• TASK TO COMPLETE:
Down to the last line of the listing, starting at the one with "Waterproof Flooring Giveaway Flier", retype each line exactly. Do not copy the pictures.

• SUPPLIED DATA:
——

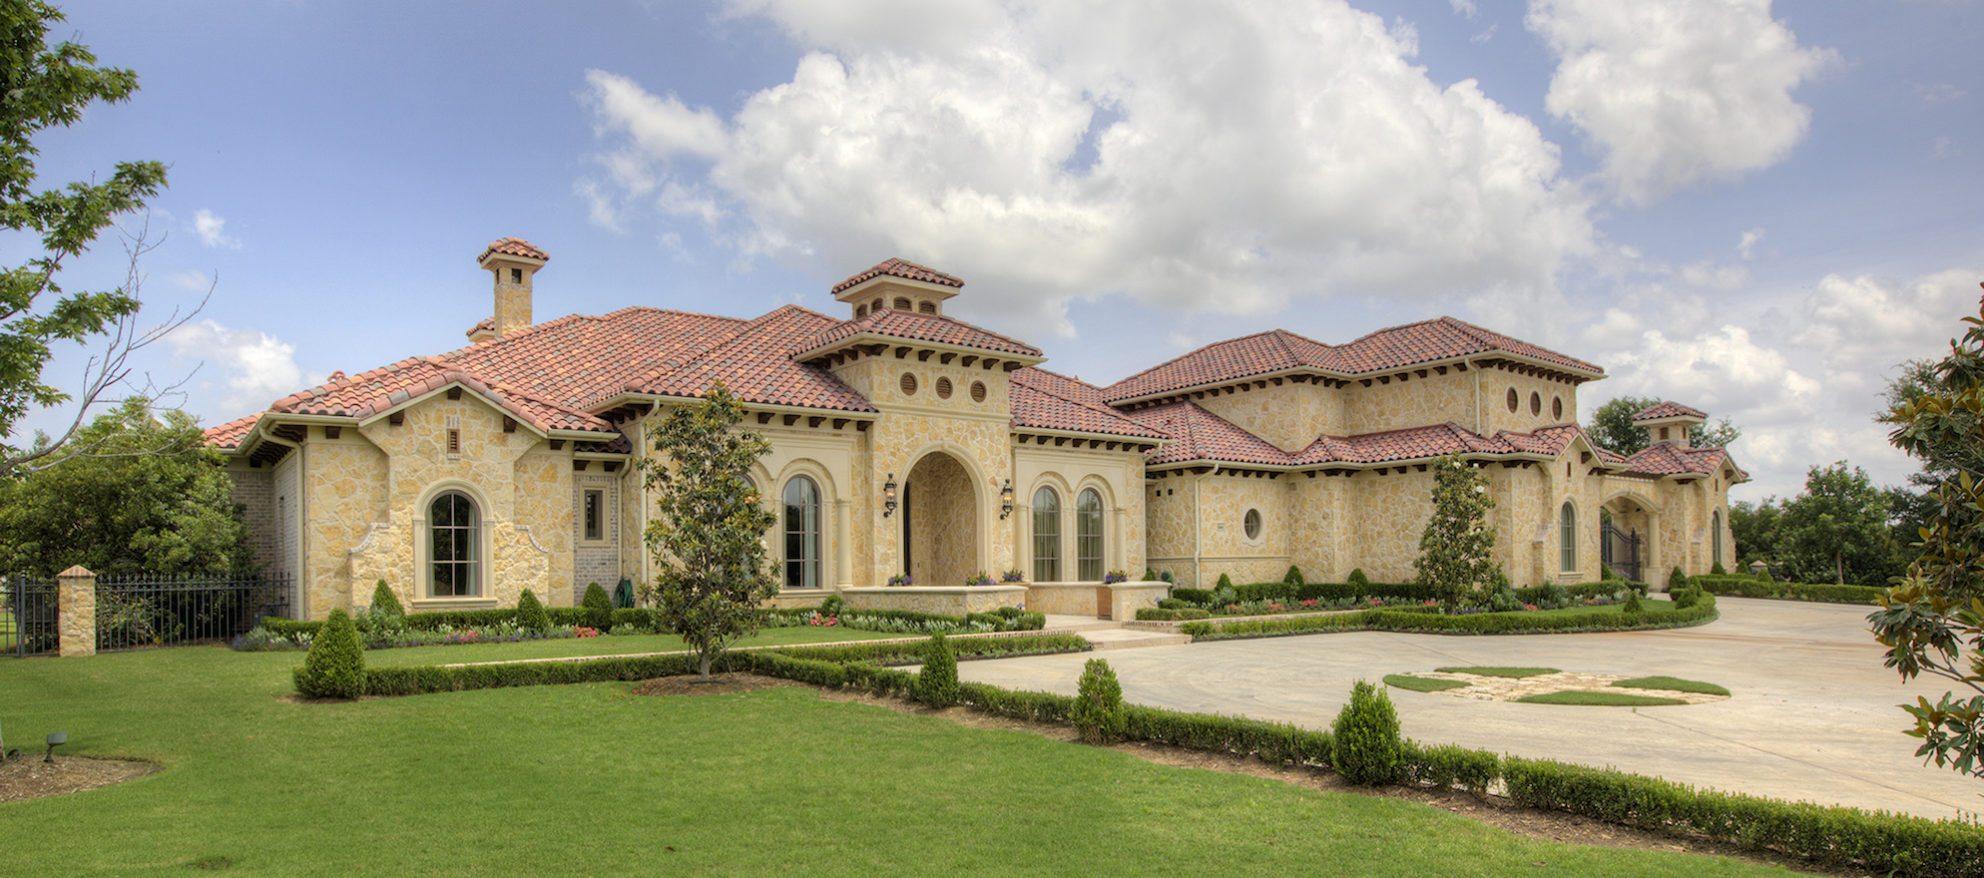 Luxury listing: Shorefront Texan Tuscan-style villa
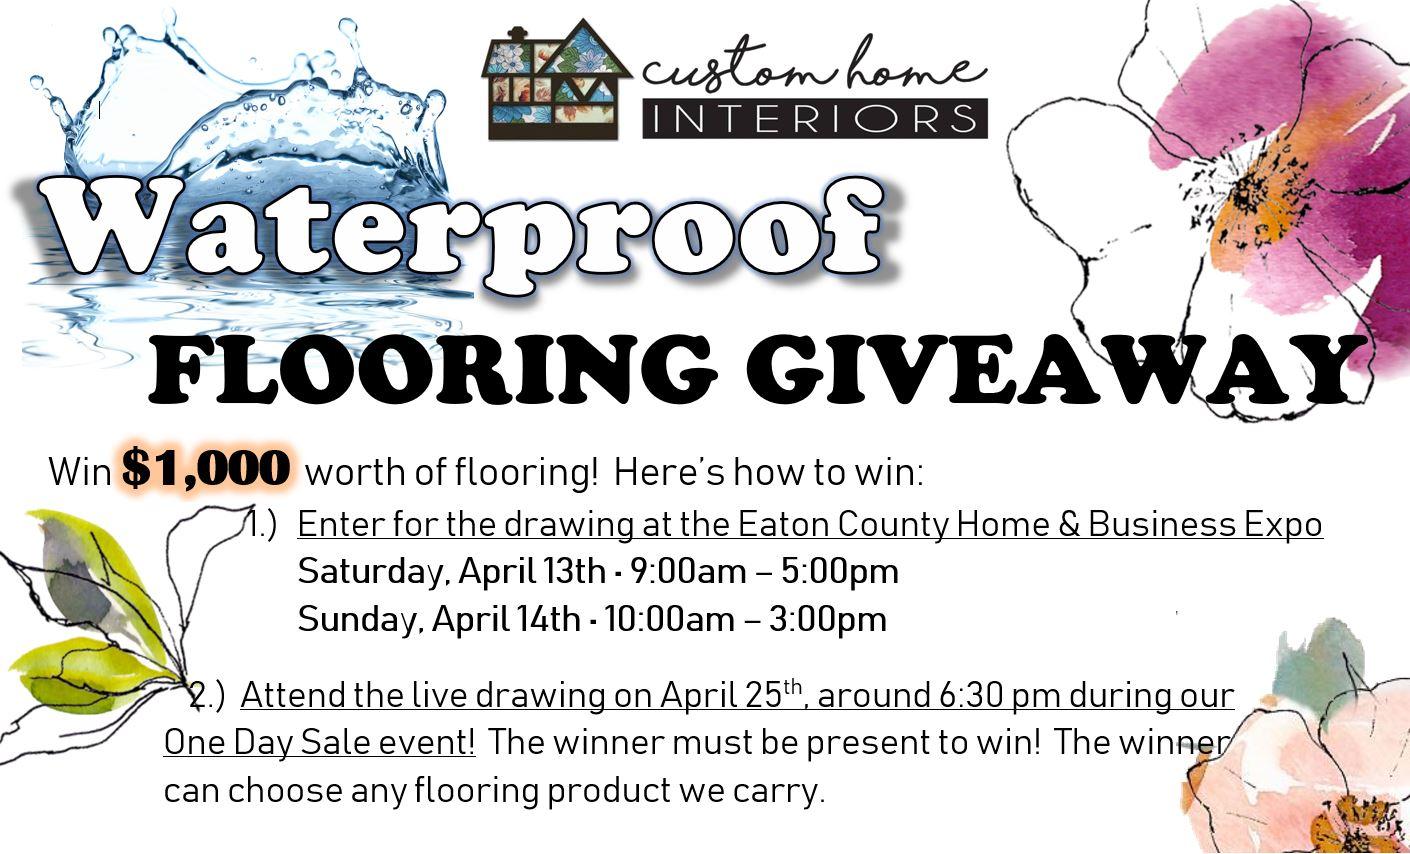 Waterproof Flooring Giveaway Flier
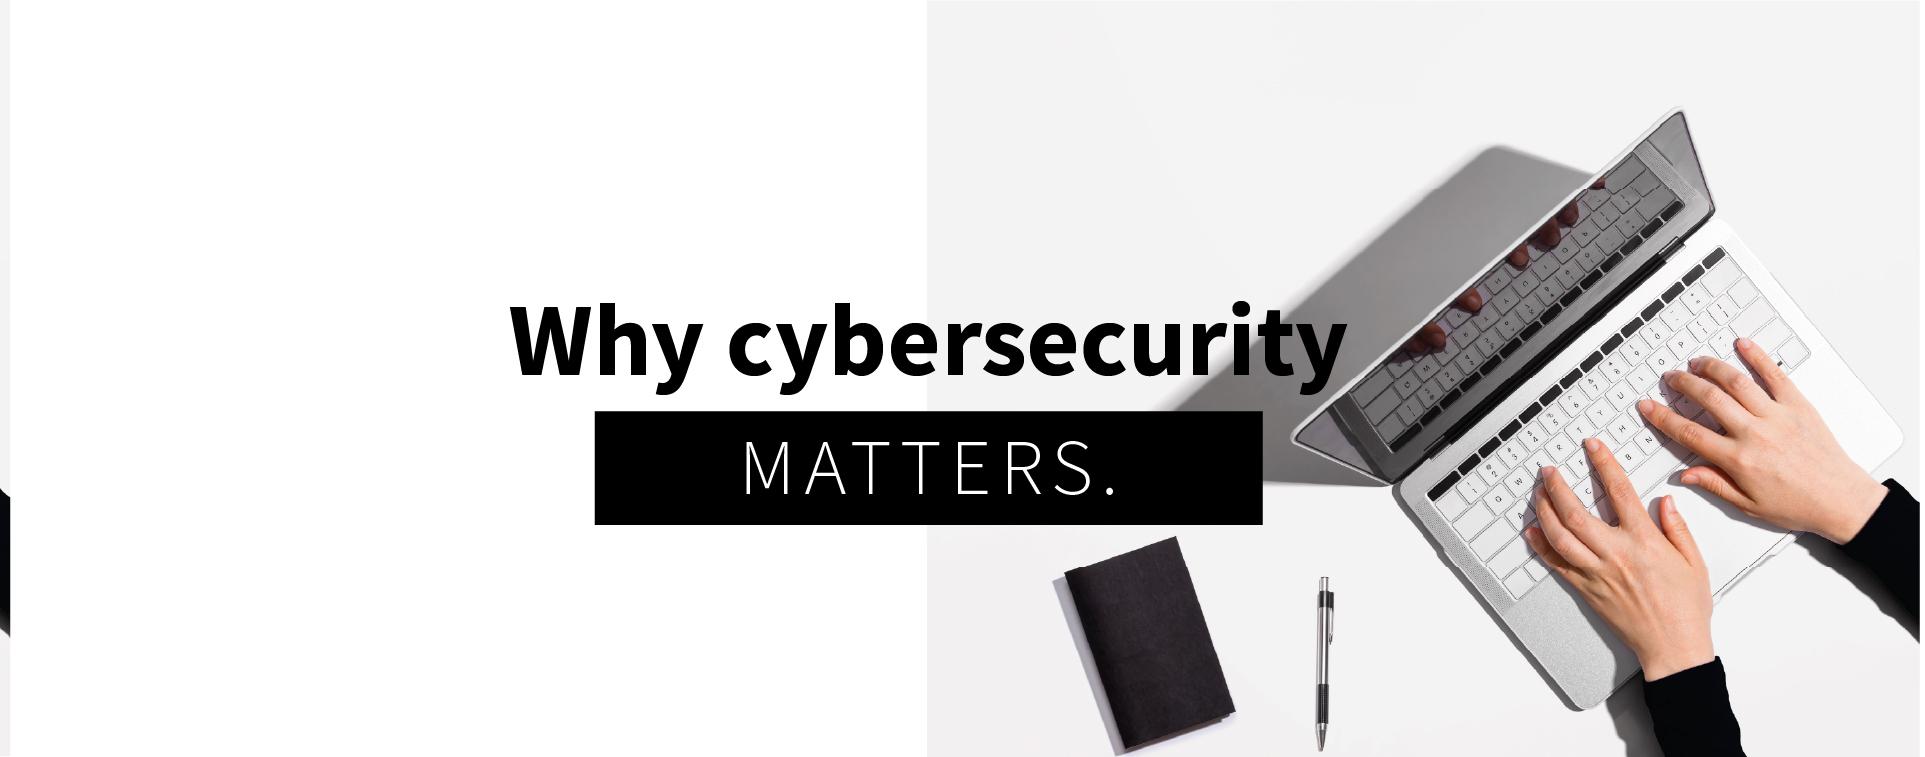 impact of cybercrime

——

• SOLUTION TO THIS EXERCISE:
 Waterproof Flooring Giveaway Flier
 impact of cybercrime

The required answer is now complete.